• REQUIREMENT: Shown below are entries with pictures; the line with "В Україні зафіксовано" through the line with "Gazele Biznesu 2014 dla Venture Industries" is the span to retype exactly, and the pictures stay out.

• DATA SHOWN:
=== Begin Enclosure ===
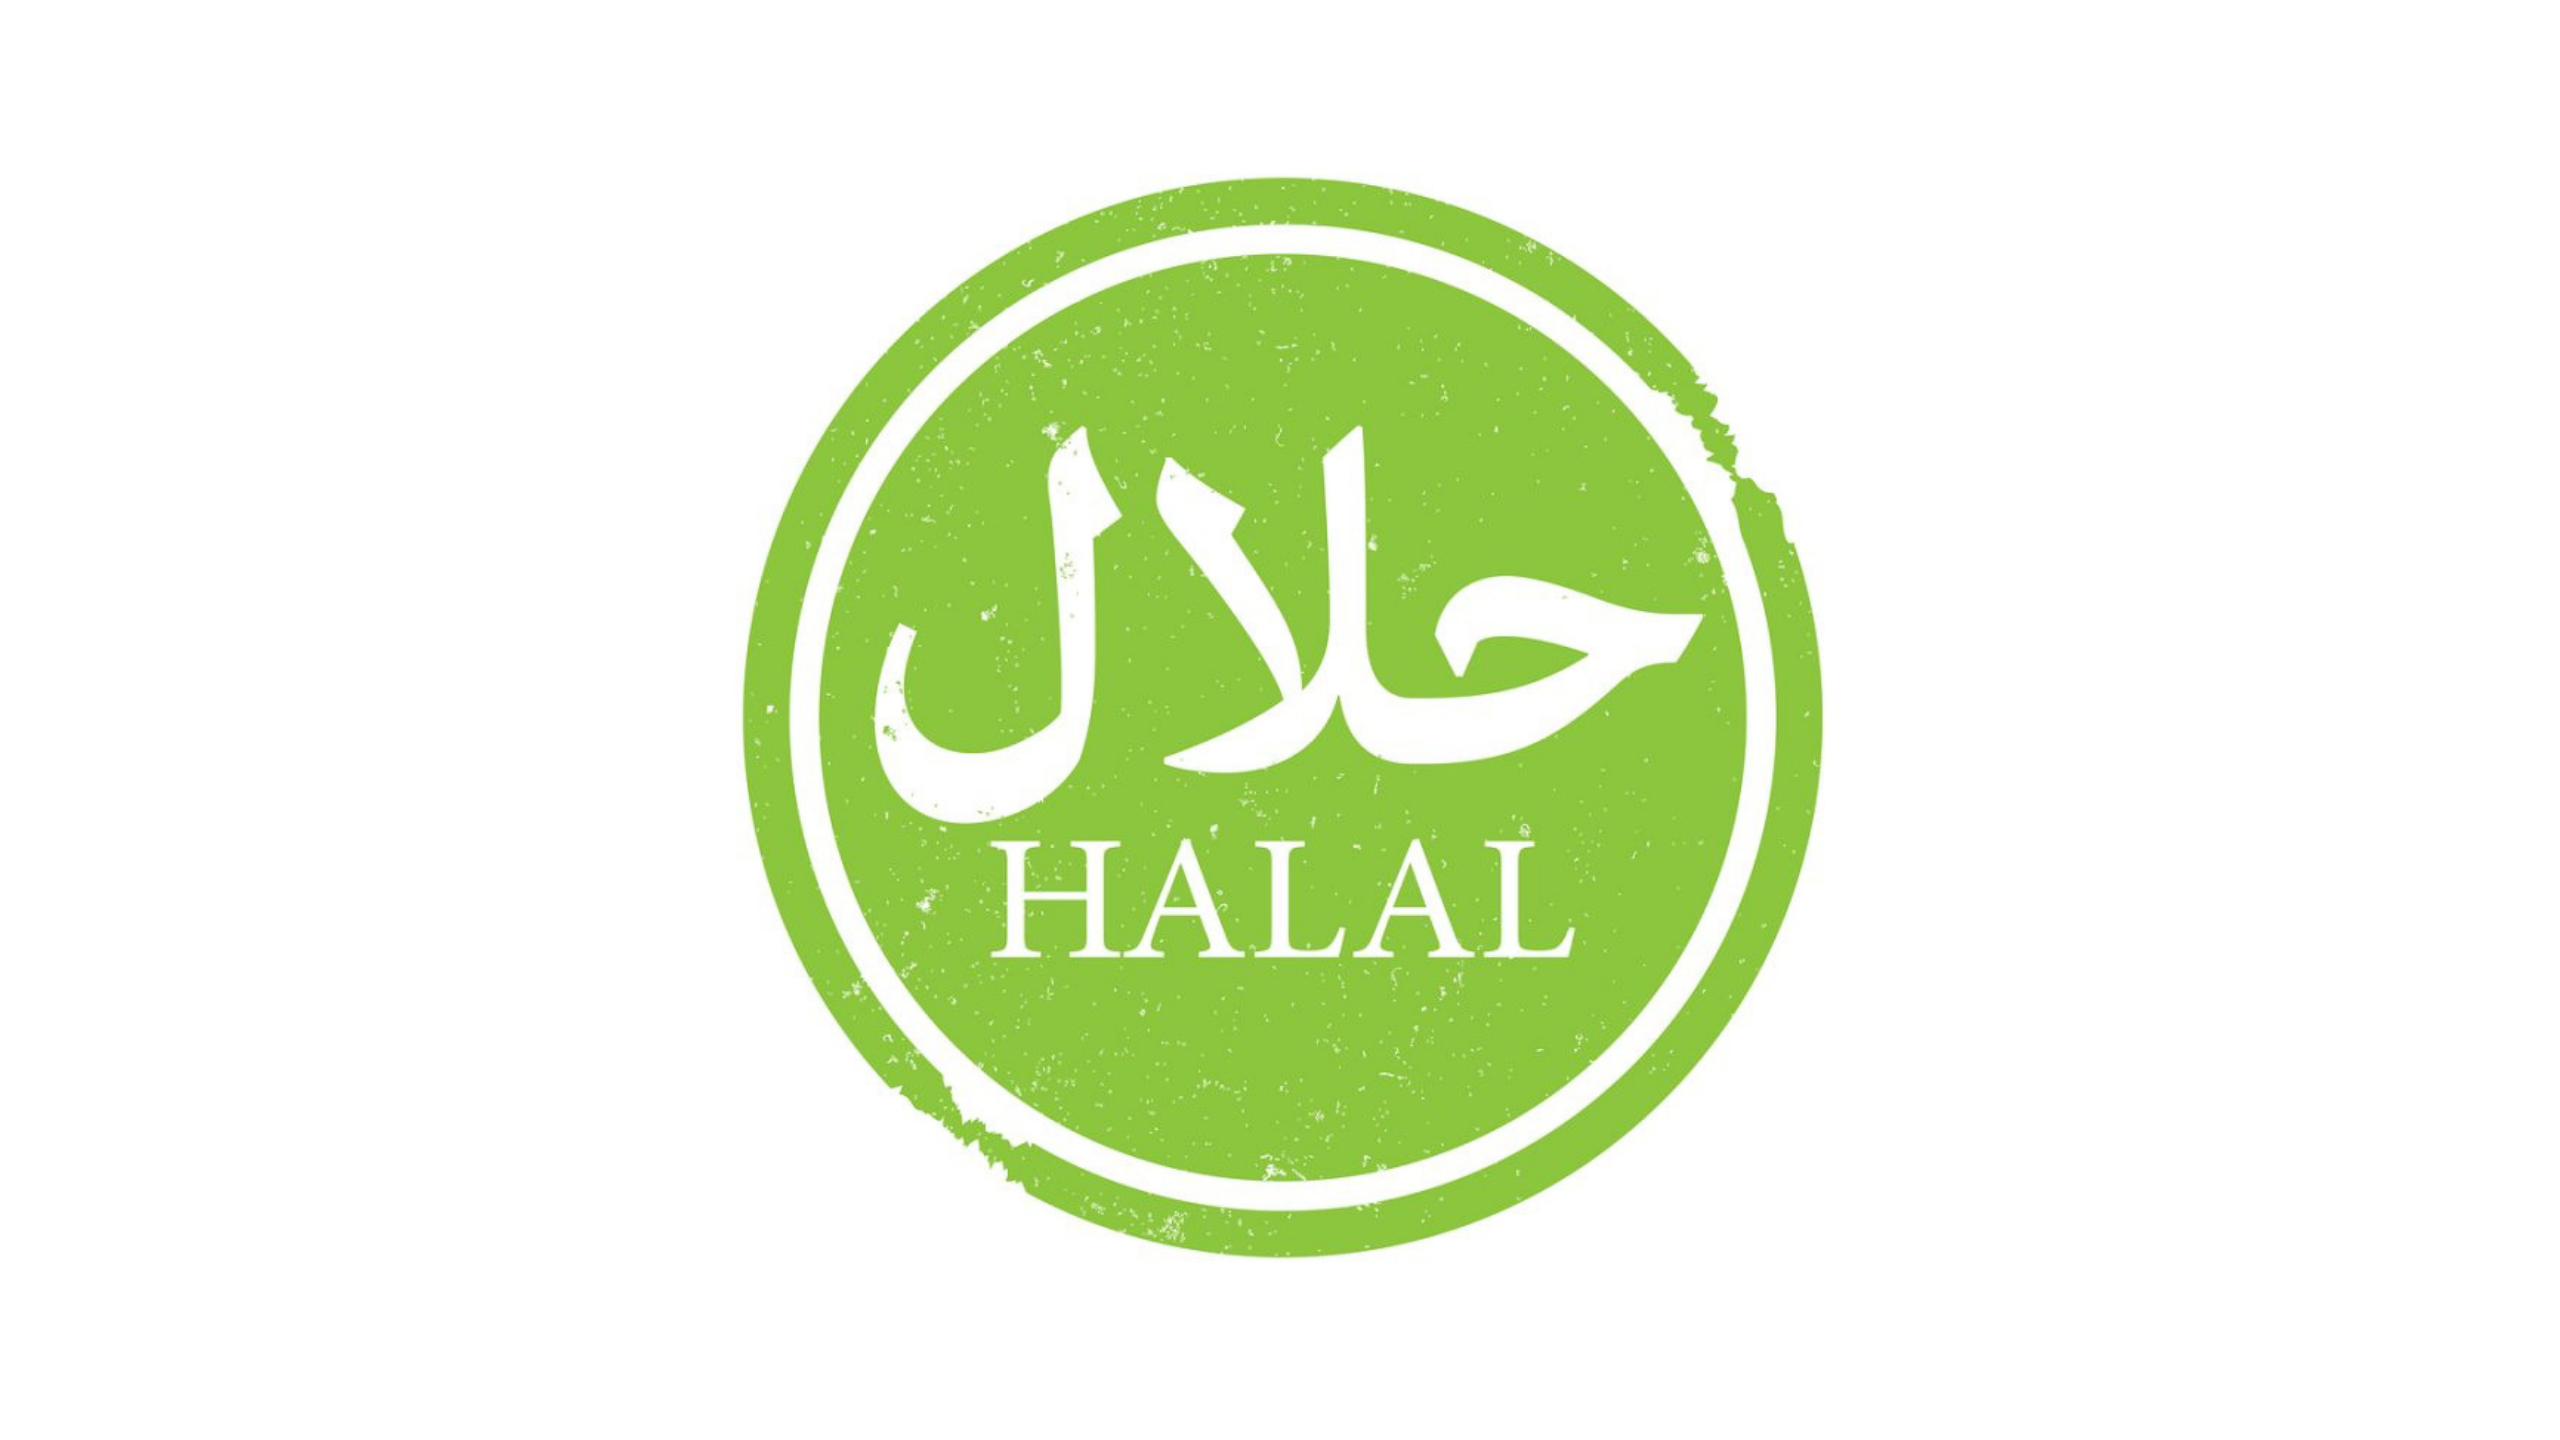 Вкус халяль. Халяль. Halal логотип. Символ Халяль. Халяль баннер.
=== End Enclosure ===
=== Begin Enclosure ===
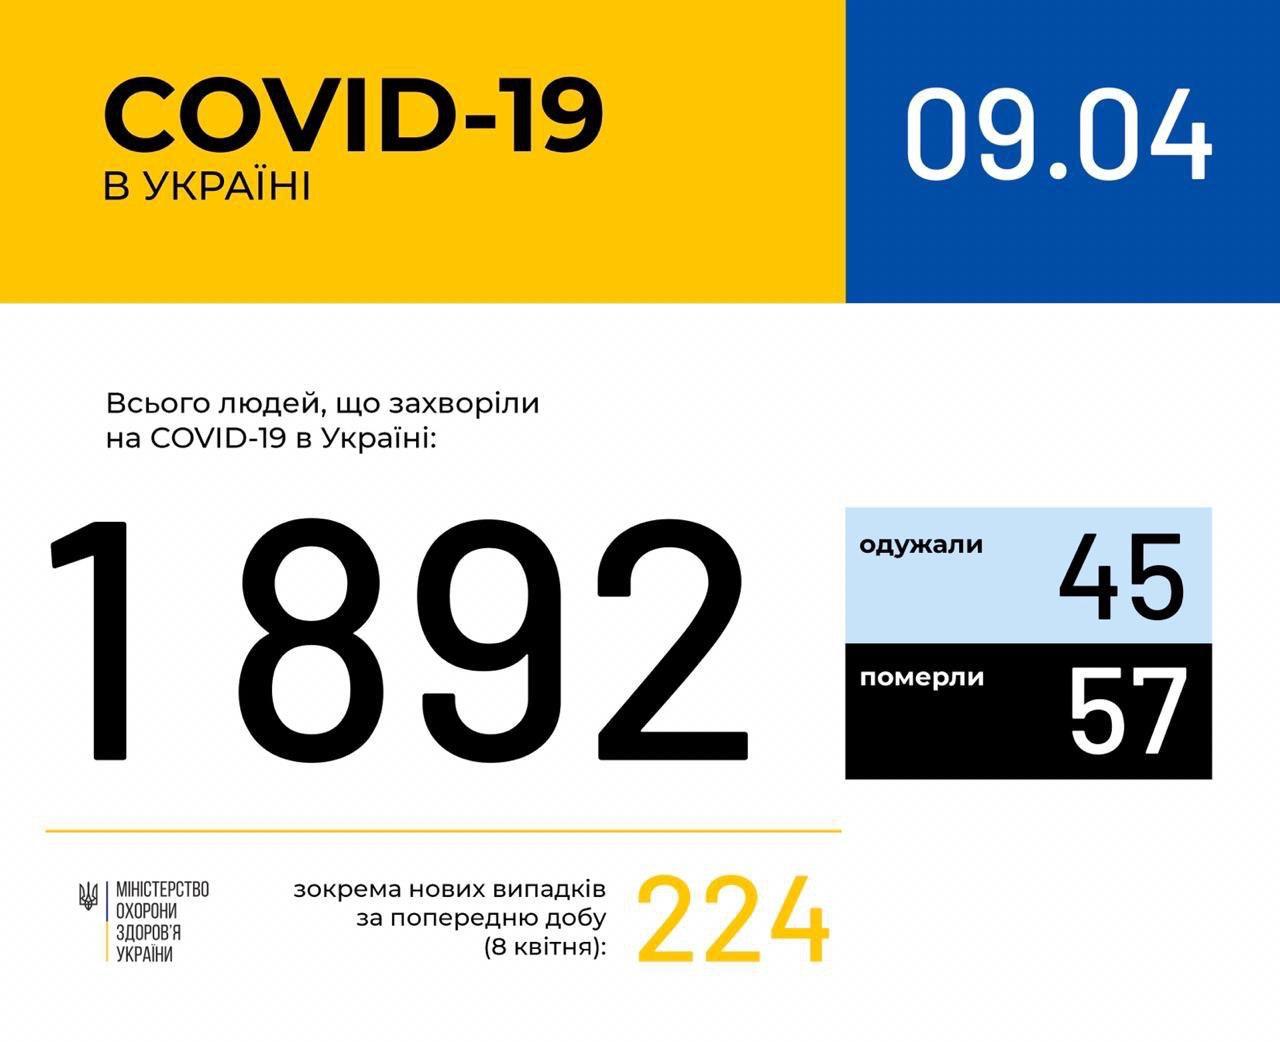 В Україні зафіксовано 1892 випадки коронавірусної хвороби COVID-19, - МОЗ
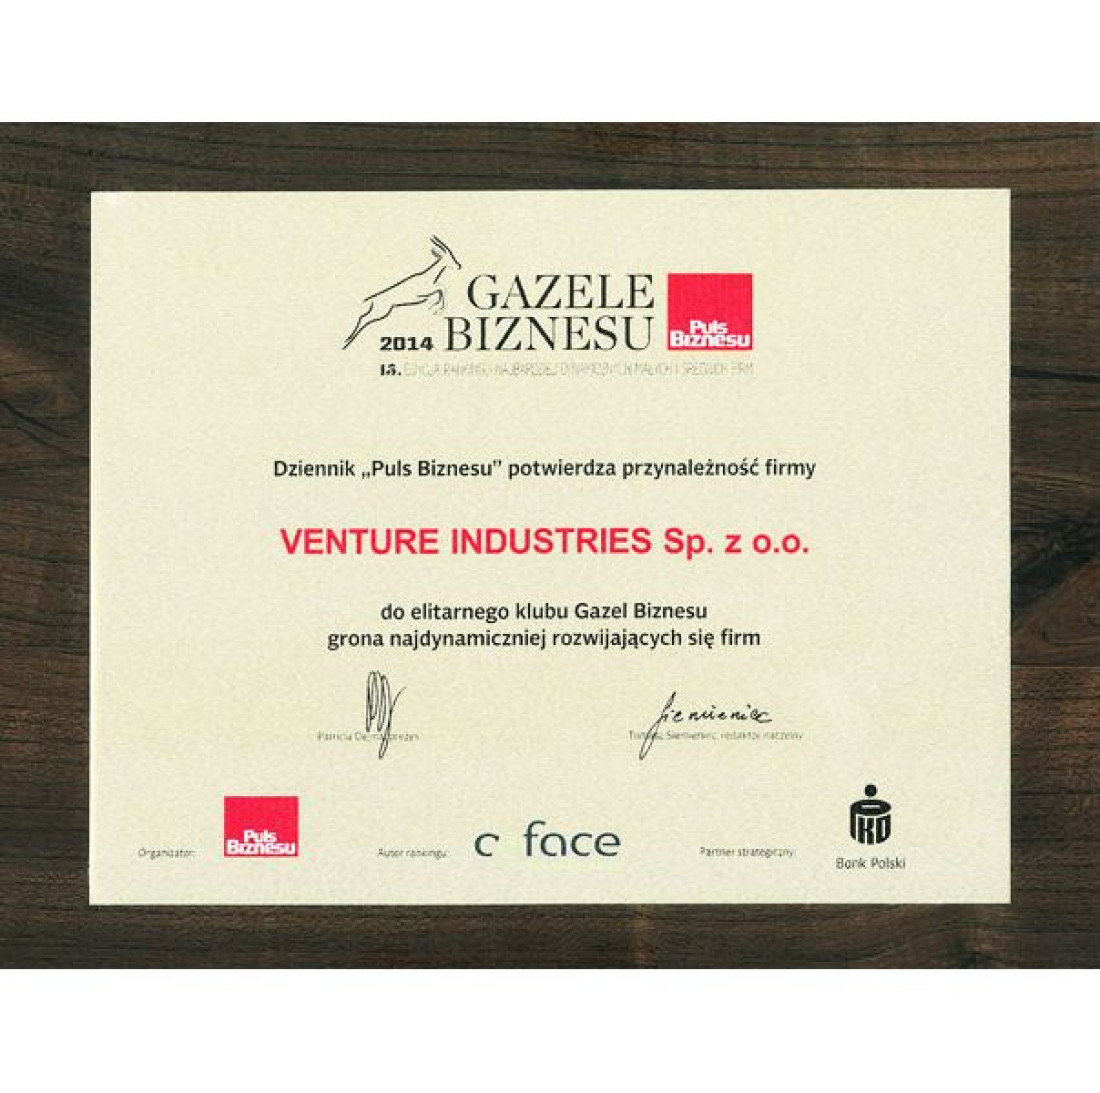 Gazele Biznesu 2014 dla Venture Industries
=== End Enclosure ===
=== Begin Enclosure ===
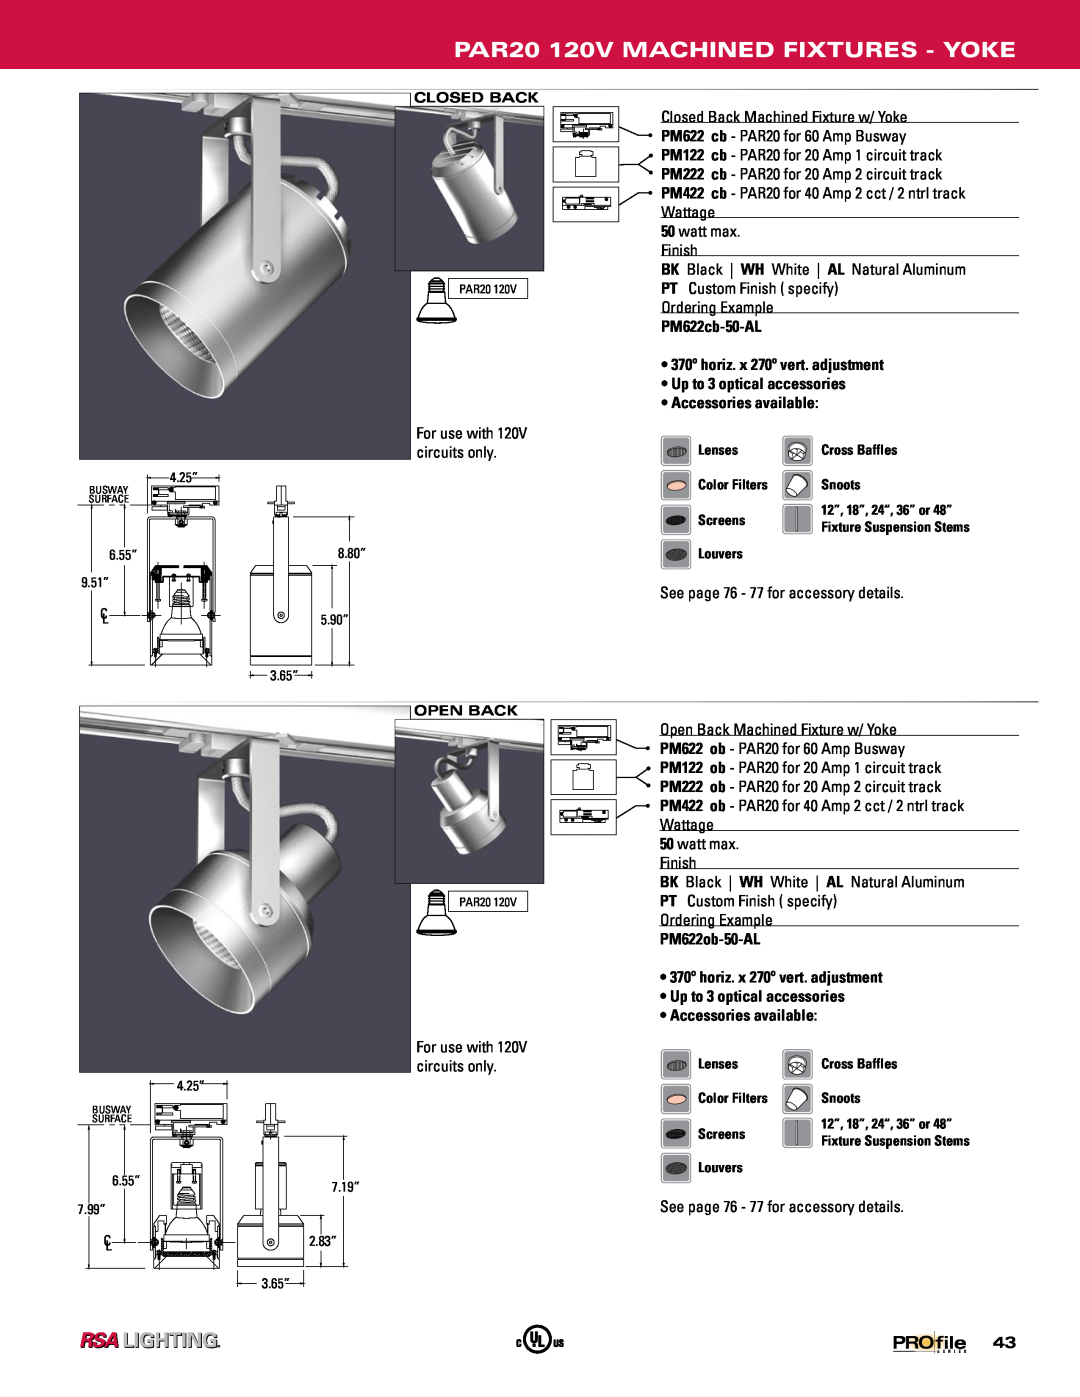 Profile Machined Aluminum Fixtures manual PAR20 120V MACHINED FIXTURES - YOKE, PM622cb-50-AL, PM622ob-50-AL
=== End Enclosure ===
• RESULT OF THIS TASK:
 В Україні зафіксовано 1892 випадки коронавірусної хвороби COVID-19, - МОЗ
 Gazele Biznesu 2014 dla Venture Industries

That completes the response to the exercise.